By now Sequoia’s “RIP” slide deck and the ensuing blog coverage have been consumed by every entrepreneur and investor in the tech universe. It hit a nerve. Perhaps it provided a wake-up call, or simply confirmed people’s worst fears. For first-time entrepreneurs, or for those who have forgotten what happened just seven or eight years ago, this sort of shock therapy could be effective.
But the bottom line is that it is superbly hard, even in good economic times, to really impact the world with an innovative new product from a small company. The odds are hugely stacked against you. Would-be entrepreneurs and investors alike tend to forget this. They grow complacent when they are bailed out of mediocre situations or make money far exceeding what they deserve. They begin to believe their own BS. A troubling sense of entitlement lulls them into a false sense of security that they are not actually fighting for their economic lives, every minute of every day. It happened during the dot-com bubble and the housing boom, and now it’s happening on Wall Street.
The truth is, founders should be ruthlessly hard on themselves irrespective of the economic climate. Treat every break you get as the last miracle left on Earth. You should always be asking yourself: What could be done better? What’s not working? How can we be more capital efficient?

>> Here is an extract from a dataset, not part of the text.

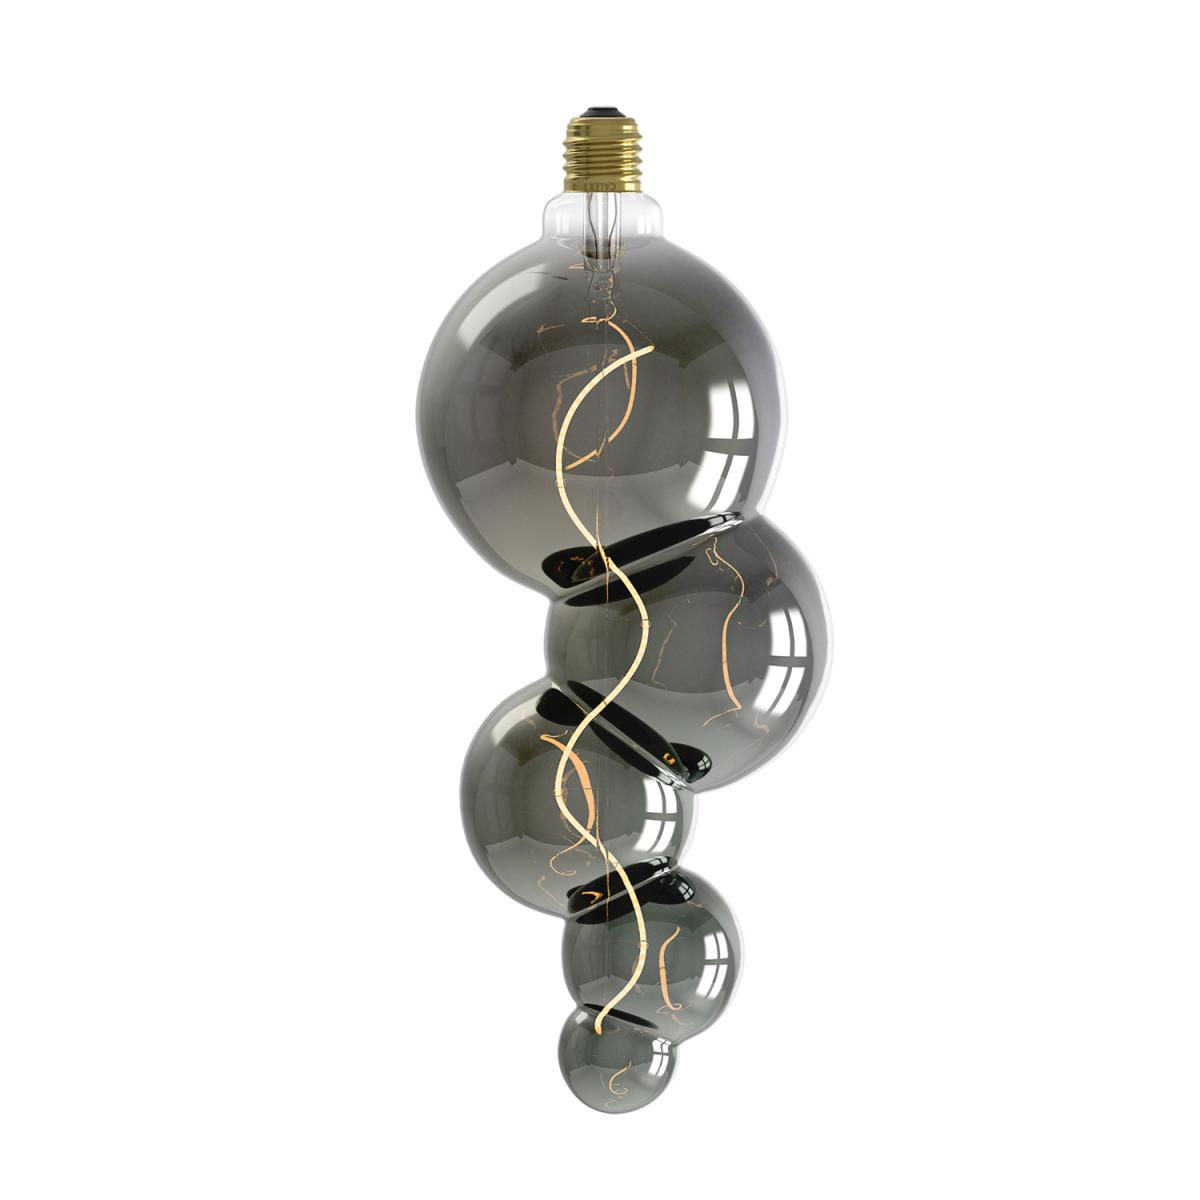 XXL Design LED Glühbirne Valencia - Stilvolle und dimmbare Lampe

Any entrepreneur who woke up this morning and said, “Hey, I found $200,000 that I can cut out of my burn rate,” should be taken out to the woodshed. The fact is, cutting fat should be a standard operating procedure, not a reaction to a financial crisis. A knee-jerk reaction can also cut too deep, stalling innovation and growth, with the same inexorable end: failure. The same is true for VCs. Investors cannot afford to be intellectually lazy in easy times, only to wake up surprised by a changed environment and reactively change their investment tone.
You need to build your business, or your portfolio, based on underlying fundamentals that will carry you through good times — and bad.
Here are a few things I think all entrepreneurs should do now:
1) Reaffirm the value-creating milestones for your business.
2) Focus your capital on hitting them in the most efficient way possible.
3) Ensure that your current cash is safe. Is it invested in stable corporate bonds (like GE)? Or is it sitting in financial institutions, even the finance arms of manufacturing companies (like GMAC)? Are your lenders likely to deliver money they have agreed to lend? Do your investors have reserves for future rounds?
4) Look at your burn rate to make sure current expense rates still make sense. This has more urgency for later-stage companies that are selling a product, but those in R&D mode should always be thrifty.
5) Lead. Reaffirm the viability and vision of your company to the troops. This will counterbalance people’s tendencies to worry about their jobs and dreams, even decrease the time spent watching stock tickers.
Although it is too soon to tell what the true extent of the recent weeks’ turmoil will be, the secondary effects of this crisis will likely prove worse for entrepreneurial companies. Between skittish customers and the herd mentality that often manifests itself in the venture community, the startup jungle will certainly be a less forgiving ecosystem for awhile.
However, while funding will be harder to come by, there will continue to be capital available for really great companies and good ideas. Keep in mind that many of our greatest companies were founded during, or toward the end of, recessions, among them IBM, Hewlett-Packard and Microsoft.